Il nuovo pacchetto normativo Ue sulla privacy protegge sì meglio i consumatori, ma avrà un costo in termini di libertà di espressione e offrirà a chi usa Internet per informarsi un resoconto della storia con un forte “editing” e diverse lacune.
La nuova accusa alle regole approvate dall’Europa in fatto di data protection arriva dal New York Times, che sottolinea come la normativa, che entrerà in vigore nel 2018, esigerà dalle aziende di ottenere l’esplicito consenso all’uso dei dati da parte delle persone. A noi europei questo sembra un sacrosanto e anche ovvio diritto, ma la testata americana spiega che i consumatori avranno il diritto di “esaminare e correggere” le informazioni. I regolatori avranno anche la possibilità di imporre severe sanzioni alle aziende che non rispettano le regole – questo è un leit motiv nelle critiche che arrivano dagli Usa: il 4% delle revenues globali come multa massima sembra una quota spropositata. In più le aziende dovranno informare i regolatori entro 72 ore se hanni subito intrusioni e i dati personali che conservano sono stati rubati.

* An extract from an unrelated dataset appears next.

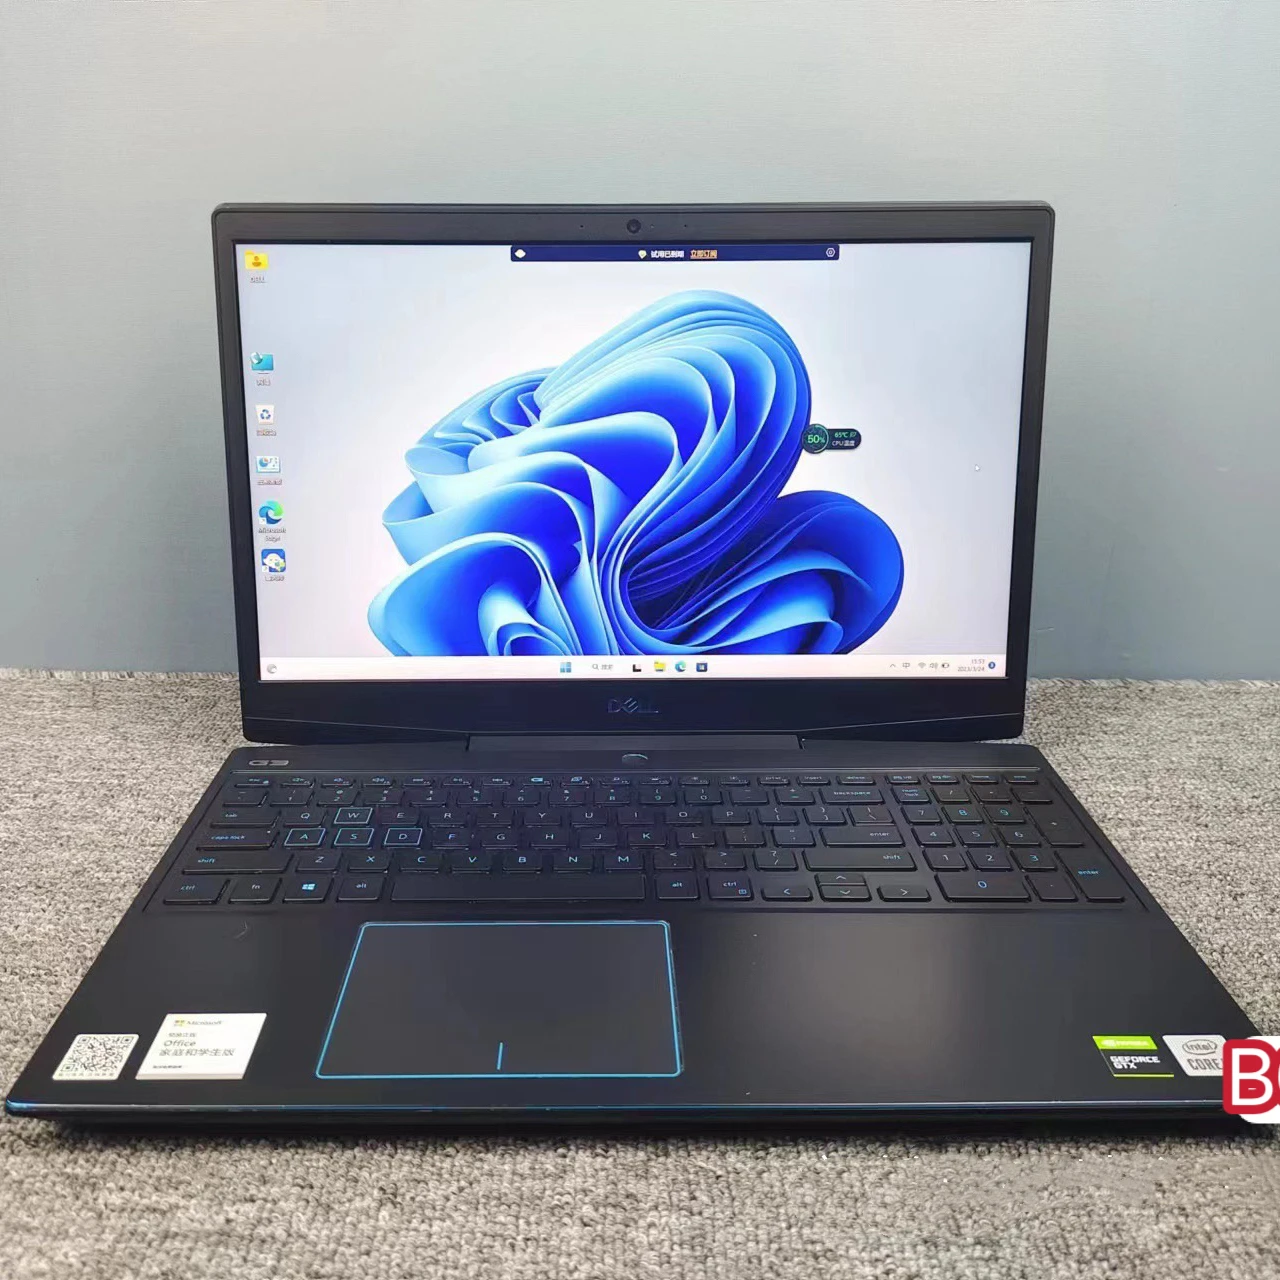 

Best Offer Raiders For dell G3-3500 i7-10750H 16GB 512 SSD GTX 1650 (4G) Gaming Laptop

Il NYTimes riconosce che molti provvedimenti nel nuovo pacchetto Ue sulla privacy sono “ragionevoli”, ma alcuni appaiono “inquietanti”. La misura considerata più problematica è quella che espande il cosiddetto diritto all’oblio: è giusto permettere alle persone di cancellare informazioni vecchie, errate o non rilevanti, ma questo diritto, scrive la testata americana, è stato usato per rendere più difficile il reperimento di informazioni legittime, come vecchi articoli di giornale.
Più di 350.000 cittadini europei hanno chiesto a Google di rimuovere link a 1,3 milioni di pagine web dei suoi risultati di ricerca dopo la sentenza della Corte di Giustizia europea del maggio 2014 (Google ha riferito di aver proceduto finora alla rimozione del 42% dei link di cui è stata richiesta l’eliminazione). Col nuovo pacchetto Ue sulla privacy, le aziende come Google dovranno togliere immediatamente le informazioni di cui si richiede la rimozione e poi decidere se tale rimozione possa essere permanente o se le informazioni vadano ripristinate. Quel che appare grave al NYTimes è che i gruppi dei media e altri siti Internet non potranno obiettare contro le rimozioni temporanee e forse nemmeno contro quelle permanenti.
Inoltre resta il grande nodo legato al diritto all’oblio: nemmeno con la nuova legislazione europea è chiaro se le Internet companies dovranno cancellare i link solo in Europa o in tutto il mondo. Come noto, Google si è già trovata di fronte a questo dilemma e sostiene da sempre che la sentenza europea si applica solo in Europa, a dispetto di quanto sostenuto dai difensori della privacy in Ue e di quanto decretato dal Garante francese che a inizio anno ha ingiunto al motore di ricerca americano di cancellare i link di cui i cittadini francesi chiedevano la rimozione anche nel resto del mondo.
I legislatori europei ovviamente dicono di non voler affatto limitare la libertà di espressione e fanno presente di aver introdotto eccezioni che evitano che personaggi politici e altre figure pubbliche chiedano l’eliminazione dal web di notizie fondamentali che li riguardano. Inoltre i link sono rimossi solo dai risultati delle ricerche fatte in base al nome della persona e si possono trovare cercando con altri nomi o parole rilevanti. Ma secondo il NYTimes, questo introduce comunque una difficoltà nelle ricerche su Internet, soprattutto per chi non conosce quelle altre “parole rilevanti”, e rappresenta una limitazione dell’accesso alla conoscenza.
Impossibile da applicare appare invece alla testata americana la regola che esige dai social network il consenso dei genitori per l’iscrizione al sito di chi ha meno di 16 anni: la regola attuale, che chiede il consenso dei genitori al trattamento dei dati solo per i ragazzi sotto i 13 anni, appare più pratica, perché dopo quell’età l’uso dei social media è altissimo. Per fortuna, i Paesi membro possono riportare autonomamente la soglia a 13 anni. “I legislatori europei sono chiaramente spinti dal desiderio di proteggere la privacy dei loro cittadini”, conclude il NYTimes. “Ma dovrebbero stare attenti, mentre inseguono questo sacrosanto diritto, a non lederne altri, come la libertà di espressione”.